Several years ago there was a sign that appeared at demonstrations here in Albuquerque, New Mexico where I live: “Stop the 30 billion. Restore humanity to Israel”—as if it was that simple, as if “Israeli” feelings were more important that the suffering of Palestinians. That sign encapsulates everything that is askew in the thinking of liberal Zionists, including, in addition to the obvious, the implication that “Israel” ever was a moral citadel that could be restored by anything less that the dismantling of the Zionist regime.

“Israel has always promoted comforting counterimages,” observes Steve France, “fairy tales, in effect — about its moral impeccability. The effect is to impugn critics’ motives and displace factual specifics with loud and emotional ‘affirmation of values such as tolerance, [and] diversity’ – all to get away with ‘unspeakable – and unspoken of – crimes.’”

France concludes that “Israel” today has “finally destroyed any hope that it will evolve toward honest history, or true democracy, diversity, or tolerance.” If “Israel’s” version of its past is defunct, exposed as the fraud it has always been, what is to take its place?

In “Dismantling the Violent Discourse if the State of Israel:  On Zionism, Palestinian Liberation, and the Power of Language,” Ramzy Baroud and Romana Rubeo explain that “utilizing positive language to frame horrific historical events is a core element in the historical discourses of colonialism and neocolonialism.”

Their article concludes with the need for “Palestinians to challenge the Zionist discourse and eventually  claim their own narrative as part of their ongoing struggle for liberation and, ultimately, decolonization.”

In this version, “Israeli” trauma from World War II can be cited as an explanation for their behavior in 1948 and afterward, but not as an excuse, as it is so often used. Though generational trauma exists, in this case it is used to reverse “Israel’s” role to that of victim rather than a settler colonial state, following in the footsteps of their benefactor, the United States.

In an interview with Pluto Press, Baroud reiterates that “no one is more qualified to speak for Palestinians, but Palestinians themselves, especially the refugees amongst them – those who have paid the heaviest price for Israeli atrocities, and whose collective identity is shaped by seven decades of a relentless fight for freedom.”
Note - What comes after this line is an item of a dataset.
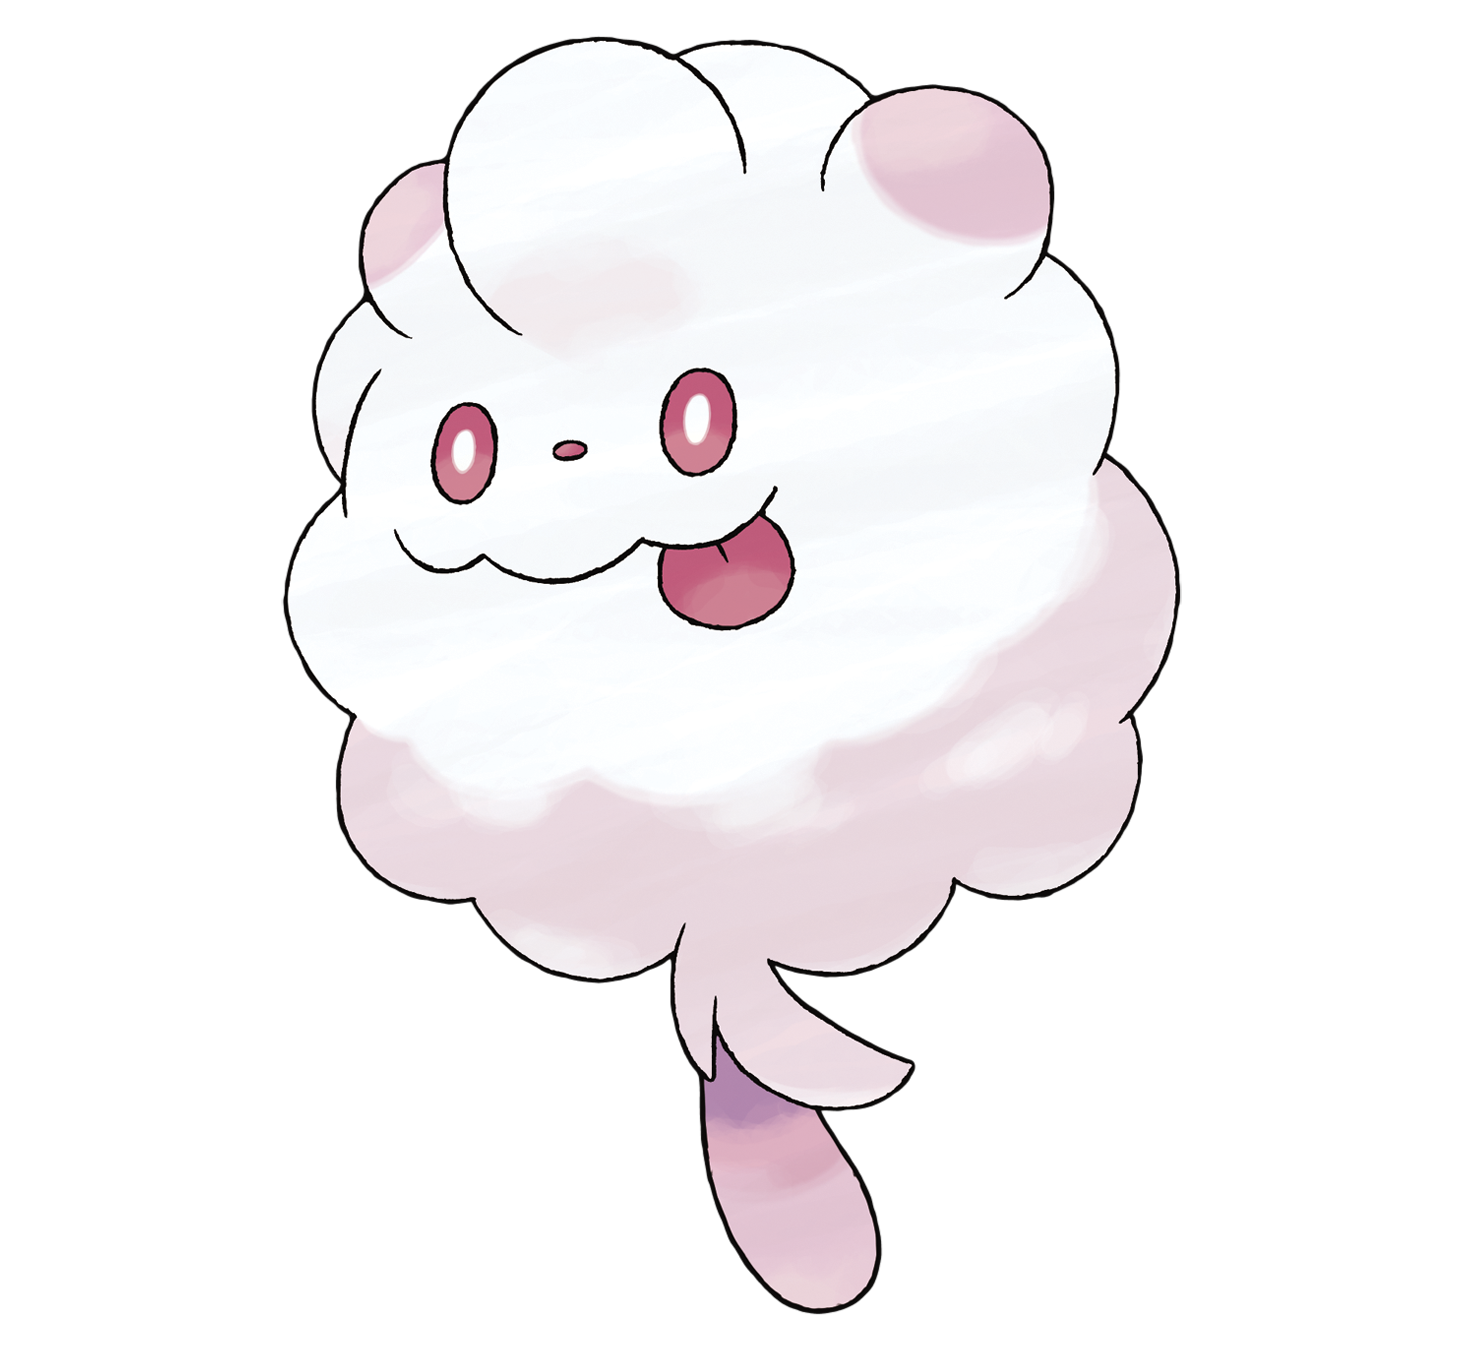 http://img4.wikia.nocookie.net/__cb20130712191708/es.pokemon/images/1/1c/Swirlix.png

Baroud understands quite well, having grown up in Nuseirat camp. Although his homeplace has been the site of relentless massacres, he also wants to stress that his was “a life that was fully lived, memories that cannot be forgotten, and a future of freedom and dignity that is waiting to take shape.”

“Will the liberal and credible media accompany this transformation and change gear to embrace our narrative?” asks Jejan Helu, once a pioneer in the Palestinian National struggle and women’s liberation movement. “Will the Palestinian narrative find Safe Haven at last?”

Through a new generation of Palestinian resisters, hers is a question that at long last is finding an answer.

– Benay Blend earned her doctorate in American Studies from the University of New Mexico. Her scholarly works include Douglas Vakoch and Sam Mickey, Eds. (2017), “’Neither Homeland Nor Exile are Words’: ‘Situated Knowledge’ in the Works of Palestinian and Native American Writers”. She contributed this article to The Palestine Chronicle.